## TASK OBJECTIVE:
Transcribe word for word the lines below from the line with "How To Build" through the line with "Janet Montgomery image by damocles_aaa", ends included.

**** MATERIAL FOR THIS EXERCISE

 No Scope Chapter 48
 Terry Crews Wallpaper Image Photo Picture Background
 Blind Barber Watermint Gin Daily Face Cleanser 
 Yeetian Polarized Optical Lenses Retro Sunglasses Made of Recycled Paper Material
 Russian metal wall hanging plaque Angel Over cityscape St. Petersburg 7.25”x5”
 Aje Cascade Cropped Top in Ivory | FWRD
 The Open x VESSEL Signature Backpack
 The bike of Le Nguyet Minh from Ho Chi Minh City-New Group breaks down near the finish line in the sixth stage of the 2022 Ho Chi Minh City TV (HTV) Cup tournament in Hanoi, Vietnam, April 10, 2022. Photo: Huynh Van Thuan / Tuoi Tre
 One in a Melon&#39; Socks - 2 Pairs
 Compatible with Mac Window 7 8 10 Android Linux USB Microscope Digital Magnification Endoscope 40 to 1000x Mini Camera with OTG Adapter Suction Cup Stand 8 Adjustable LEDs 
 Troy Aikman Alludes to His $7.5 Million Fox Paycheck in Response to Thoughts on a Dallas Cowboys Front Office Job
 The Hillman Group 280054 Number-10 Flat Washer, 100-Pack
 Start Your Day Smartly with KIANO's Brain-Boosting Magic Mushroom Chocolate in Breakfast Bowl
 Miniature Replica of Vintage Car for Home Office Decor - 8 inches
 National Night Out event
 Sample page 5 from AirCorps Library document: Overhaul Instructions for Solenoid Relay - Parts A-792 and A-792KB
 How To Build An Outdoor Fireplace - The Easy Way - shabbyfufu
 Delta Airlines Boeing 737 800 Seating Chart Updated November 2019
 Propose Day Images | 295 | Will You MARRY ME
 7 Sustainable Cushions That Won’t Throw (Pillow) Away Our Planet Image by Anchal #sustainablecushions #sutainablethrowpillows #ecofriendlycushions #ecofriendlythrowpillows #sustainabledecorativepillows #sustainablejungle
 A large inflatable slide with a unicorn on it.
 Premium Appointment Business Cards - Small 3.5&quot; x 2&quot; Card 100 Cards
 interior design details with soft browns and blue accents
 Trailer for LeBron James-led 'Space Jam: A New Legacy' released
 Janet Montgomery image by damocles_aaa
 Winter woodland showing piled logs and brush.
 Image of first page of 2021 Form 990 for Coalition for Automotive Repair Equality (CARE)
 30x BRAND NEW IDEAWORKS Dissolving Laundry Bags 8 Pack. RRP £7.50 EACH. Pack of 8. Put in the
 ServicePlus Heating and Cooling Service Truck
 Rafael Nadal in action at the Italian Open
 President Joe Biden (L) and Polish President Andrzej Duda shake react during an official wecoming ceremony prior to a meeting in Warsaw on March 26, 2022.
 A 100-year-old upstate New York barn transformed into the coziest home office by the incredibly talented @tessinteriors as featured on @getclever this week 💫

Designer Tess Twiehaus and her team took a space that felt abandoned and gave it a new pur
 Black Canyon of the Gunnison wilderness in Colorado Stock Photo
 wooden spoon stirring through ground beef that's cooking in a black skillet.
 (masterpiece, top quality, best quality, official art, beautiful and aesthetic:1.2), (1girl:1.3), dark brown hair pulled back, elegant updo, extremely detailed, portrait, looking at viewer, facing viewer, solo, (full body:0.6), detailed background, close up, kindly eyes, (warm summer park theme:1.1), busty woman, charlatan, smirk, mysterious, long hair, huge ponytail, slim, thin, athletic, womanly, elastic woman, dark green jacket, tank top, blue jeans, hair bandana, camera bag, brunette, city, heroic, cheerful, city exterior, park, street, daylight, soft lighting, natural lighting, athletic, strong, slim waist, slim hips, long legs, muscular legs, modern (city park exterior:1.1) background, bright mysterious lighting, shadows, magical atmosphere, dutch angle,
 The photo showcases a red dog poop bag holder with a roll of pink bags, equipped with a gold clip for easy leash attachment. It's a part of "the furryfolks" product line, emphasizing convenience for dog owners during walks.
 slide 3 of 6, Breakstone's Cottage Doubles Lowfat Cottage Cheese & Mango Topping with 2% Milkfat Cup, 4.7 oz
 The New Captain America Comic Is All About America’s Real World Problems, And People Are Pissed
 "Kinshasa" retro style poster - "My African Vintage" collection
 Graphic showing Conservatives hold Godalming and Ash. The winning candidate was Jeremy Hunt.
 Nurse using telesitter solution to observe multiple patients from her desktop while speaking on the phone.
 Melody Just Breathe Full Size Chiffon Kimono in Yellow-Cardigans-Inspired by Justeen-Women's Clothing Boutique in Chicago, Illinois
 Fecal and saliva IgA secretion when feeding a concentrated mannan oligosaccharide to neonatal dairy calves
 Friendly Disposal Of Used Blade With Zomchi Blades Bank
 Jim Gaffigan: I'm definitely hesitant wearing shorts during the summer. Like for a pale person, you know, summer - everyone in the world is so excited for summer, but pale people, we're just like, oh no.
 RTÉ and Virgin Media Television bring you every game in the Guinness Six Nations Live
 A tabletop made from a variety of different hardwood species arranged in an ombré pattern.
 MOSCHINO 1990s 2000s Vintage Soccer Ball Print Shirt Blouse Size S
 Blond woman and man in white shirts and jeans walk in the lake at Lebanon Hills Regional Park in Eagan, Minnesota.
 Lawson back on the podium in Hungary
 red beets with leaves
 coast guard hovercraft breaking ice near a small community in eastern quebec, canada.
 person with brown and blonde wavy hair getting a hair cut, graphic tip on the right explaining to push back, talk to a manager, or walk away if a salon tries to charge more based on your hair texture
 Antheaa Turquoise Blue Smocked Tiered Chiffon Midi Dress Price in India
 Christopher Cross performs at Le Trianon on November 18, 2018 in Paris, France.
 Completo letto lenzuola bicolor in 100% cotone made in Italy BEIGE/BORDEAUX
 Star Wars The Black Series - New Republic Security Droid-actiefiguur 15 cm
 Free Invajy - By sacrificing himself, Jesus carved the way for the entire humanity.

********

## RESULT FOR THIS EXERCISE:
 How To Build An Outdoor Fireplace - The Easy Way - shabbyfufu
 Delta Airlines Boeing 737 800 Seating Chart Updated November 2019
 Propose Day Images | 295 | Will You MARRY ME
 7 Sustainable Cushions That Won’t Throw (Pillow) Away Our Planet Image by Anchal #sustainablecushions #sutainablethrowpillows #ecofriendlycushions #ecofriendlythrowpillows #sustainabledecorativepillows #sustainablejungle
 A large inflatable slide with a unicorn on it.
 Premium Appointment Business Cards - Small 3.5&quot; x 2&quot; Card 100 Cards
 interior design details with soft browns and blue accents
 Trailer for LeBron James-led 'Space Jam: A New Legacy' released
 Janet Montgomery image by damocles_aaa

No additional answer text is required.